= Spring Hill Nurseries =

Mail-order garden center in Ohio

Spring Hill Nurseries is a mail-order garden center based in Tipp City, Ohio. Founded in 1849, Spring Hill Nurseries is one of the oldest gardening companies in the United States. The company specializes in garden plants, garden designs, perennials, shrubs, ground covers and gardening supplies. Spring Hill Nursery distributes catalogs nationwide and maintains a substantial presence online. One of the largest companies in the gardening industry, Spring Hill Nurseries’ headquarters features many acres of greenhouses and trial gardens.

== History ==

Peter Bohlender (born February 1, 1838) immigrated to Dayton, Ohio, from Bavaria, Germany, with his family, at the age of 6. Having no opportunity to attend school, Bohlender worked for a local nursery, where he received training in the gardening industry. In 1849, he started his own small nursery in North Dayton, Ohio.

In 1889, Bohlender renamed the nursery Spring Hill Nurseries and moved his nursery to Tipp City, Ohio. He surmised the name “Spring Hill” from a small hill located near the nursery’s current location.

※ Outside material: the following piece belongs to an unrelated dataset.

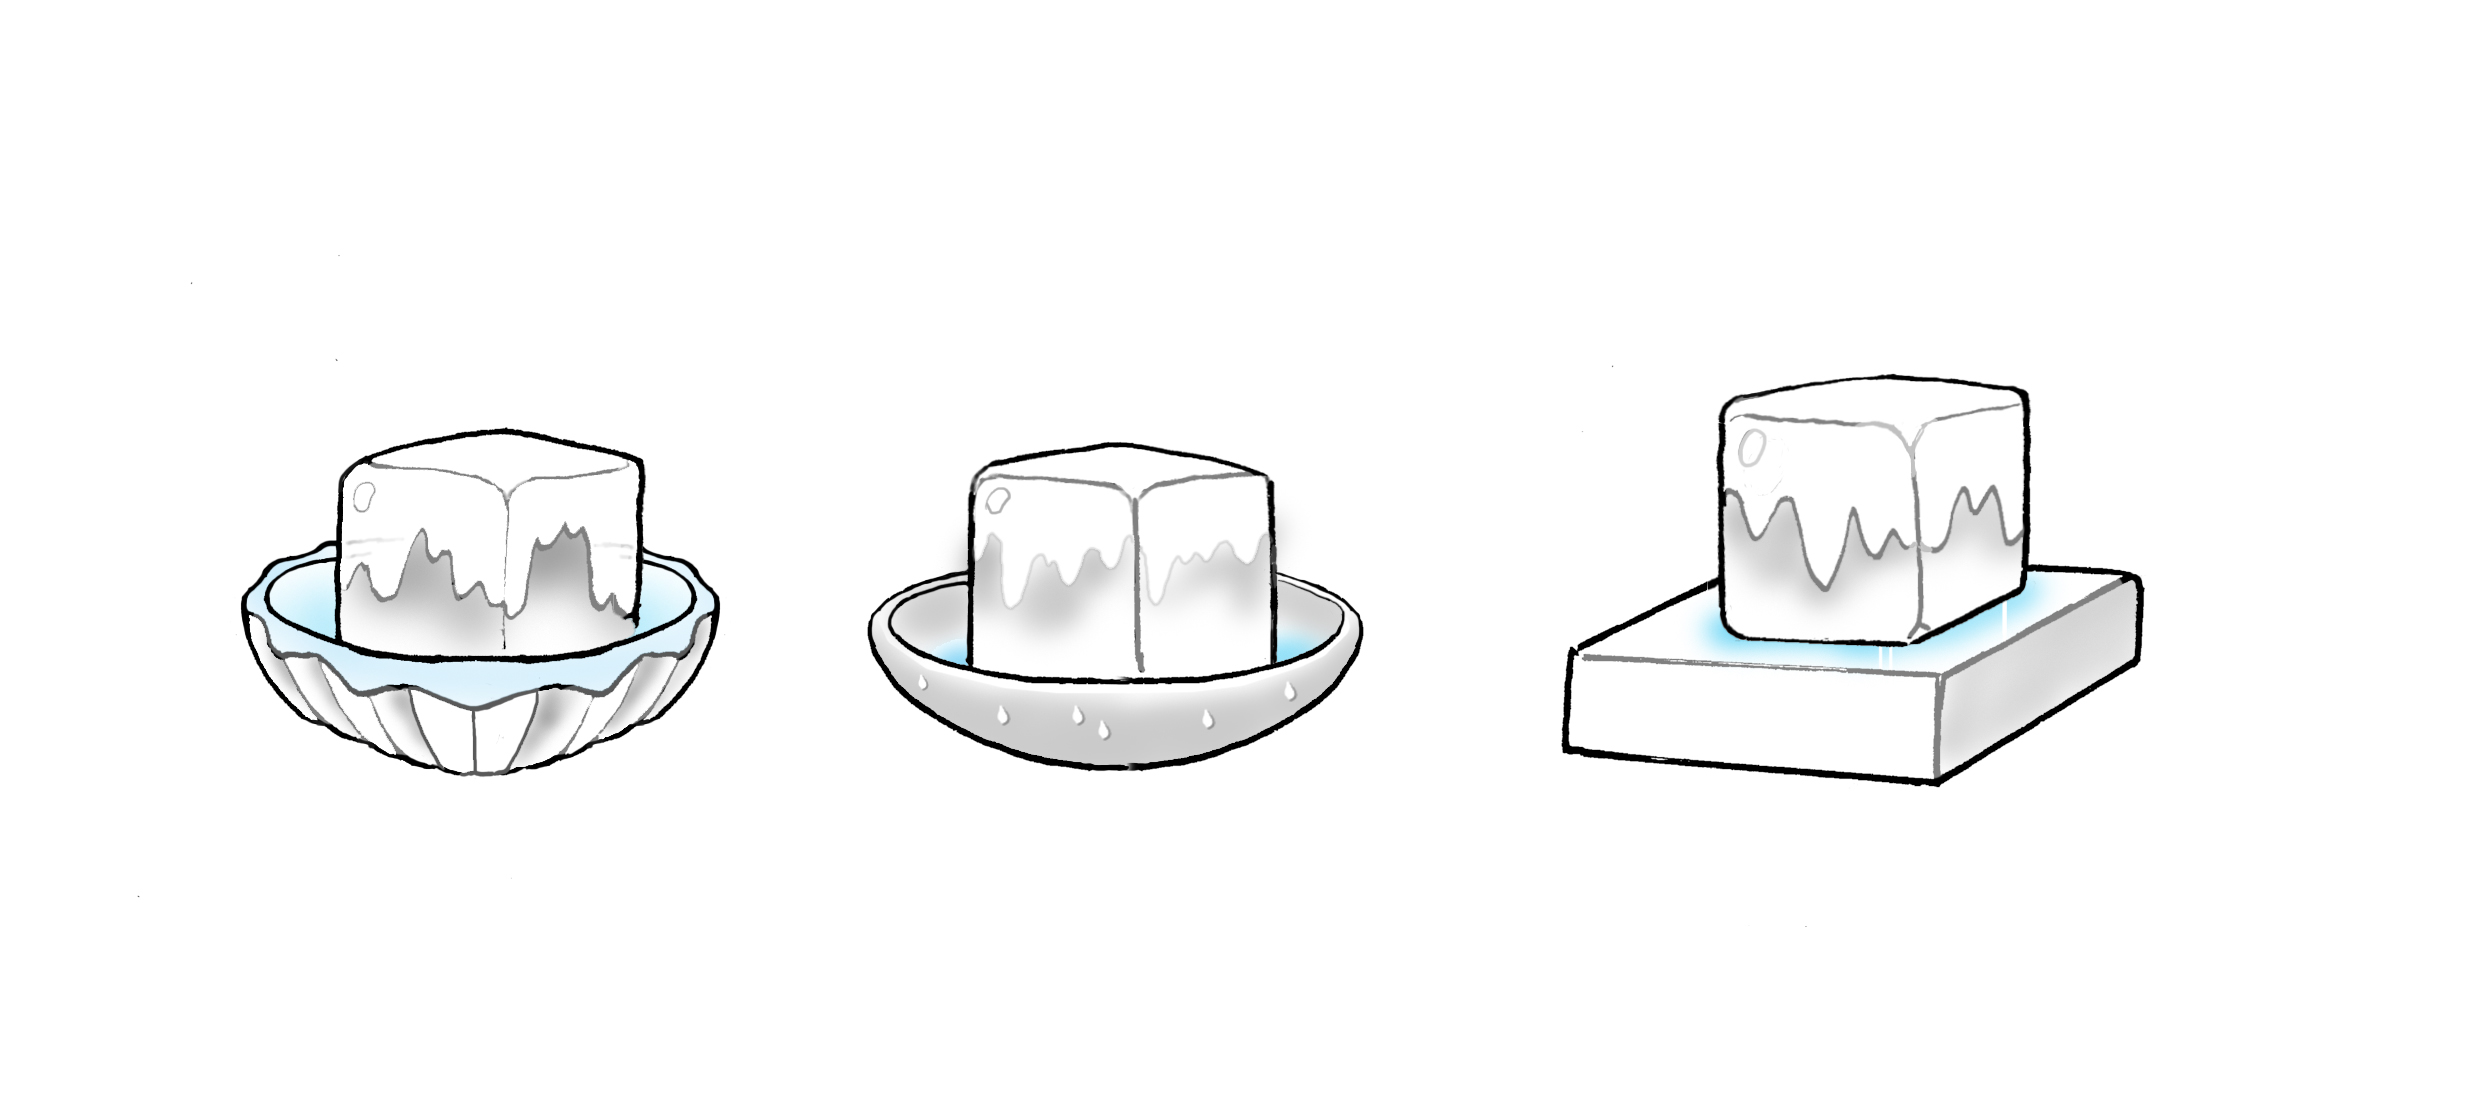 氷のとけ方をくらべよう 観察 自由研究プロジェクト 学研キッズネット

Spring Hill Nurseries was initially a wholesale garden store, providing products and services to Tipp City locals. In 1930, Spring Hill expanded and became primarily a mail-order gardening company. The garden center retained a smaller retail store, which is still in function today as the Tipp City Outlet Center, offering a variety of plant selections and gifting items, with limited hours.

In 2001, Spring Hill Nursery was acquired by Gardens Alive! when then parent company Foster & Gallagher went bankrupt.

== Horticultural Research and Development ==

Spring Hill Nurseries’ garden center, which includes a trial garden, and 9 acre of greenhouses, are the focal point for much of the research, testing and controlled-environment growing of plant products that Spring Hill Nursery provides. The horticultural specialists at Spring Hill grow and test new plant varieties in manipulated ecological units to ensure heat and soil tolerance, disease resistance and ease of growth. Spring Hill Nurseries also has a plant breeding program, developing new plant breeds and hybrids. The display gardens at Spring Hill Nurseries, which have been featured as a feature destination point by Ohio Magazine, attracted visitors from around the country but have been replaced with test gardens for their expanded rose breeding program.